Trasferta amara quella del San Nicola per gli uomini di Walter Novellino. L’Avellino esce dallo stadio di Bari con una sconfitta, in rimonta, segnata dai due gol di Fedele.
La difficoltà della partita era nota e messa in preventivo, viste le difficoltà della squadra biancoverde e vista la crescita del Bari dopo l’arrivo di Colantuono. Gli irpini, dopo un primo tempo scarno di emozioni, in cui il Bari si era fatto vedere solo due volte dalle parti di Frattali, trovano il gol grazie all’inzuccata perfetta di Castaldo. Il numero 10 riceve un assist perfetto di Verde.
Alla ripresa Avellino in vantaggio, ma la trama della partita cambia poco. Entrambe le formazioni si affrontano a viso aperto, ma senza forzare le giocare e senza alzare allo stremo i ritmi. Portieri poco chiamati in causa. Il Bari, più dell’Avellino, deve fare a meno di molti uomini.
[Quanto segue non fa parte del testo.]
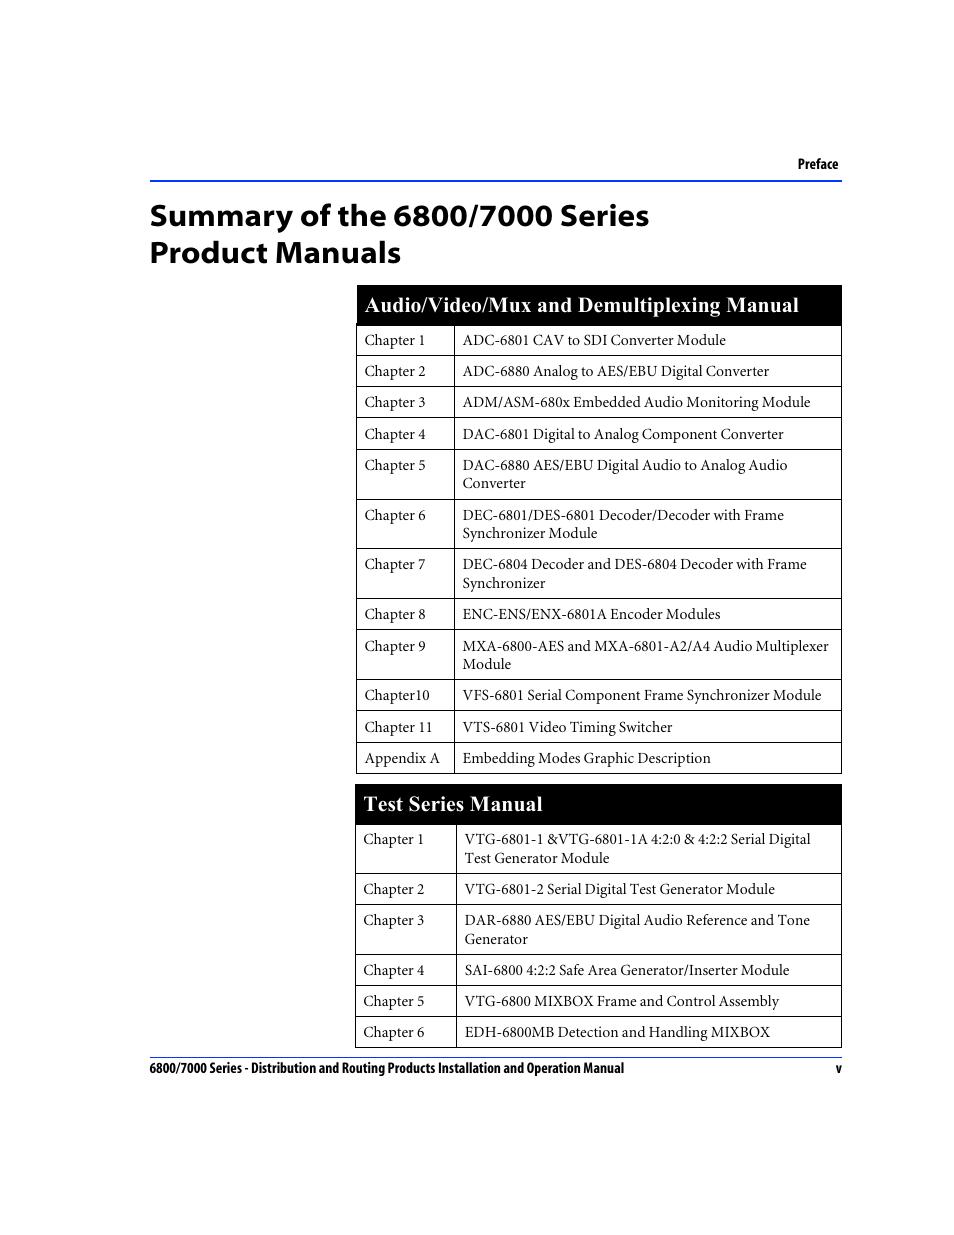 audio video mux and demultiplexing manual test series manual rh manualsdir com Nokia E61 Nokia 8600

Colantuono aveva chiesto una prova di maturità da parte dei giovani provenienti dalla formazione Primavera biancorossa. I suoi lo accontentano, sbagliando veramente poco.
Dal fronte Avellino grande prova di forza in fase difensiva nonostante i gol subiti, entrambi con due tiri dalla unga distanza. La retroguardia irpina è riuscita a tenere a bada un buon Maniera, un carino De Luca ed un ottimo Brienza. Fedele, con un ginocchio quasi uso, decide per tutti e segna una doppietta.
Poco prima del raddoppio pugliese l’Avellino aveva sfiorato il gol con Verde, ma la dura legge del gol non sbaglia: gol sbagliato, gol subito. Sulla prestazione biancoverde pesa molto la sfortuna. Negli sgoccioli del match Castaldo vede la trasferta negargli la prima doppietta stagionale, ma sopratutto, il pareggio utile per la situazione in classifica della sua squadra.
Una prestazione non insufficiente per i ragazzi agli ordini di Novellino, che pagano tanto la poca incisività in fase offensiva. Ardemagni delude, ma Mokulu è tra le ultime scelte del tecnico irpino, prima di lui anche Camarà subentrato proprio al posto dell’attaccante ex Perugia.
Resta al penultimo posto l’Avellio, che si avvicina alla chiusura del girone di andata in una situazione molto complicata.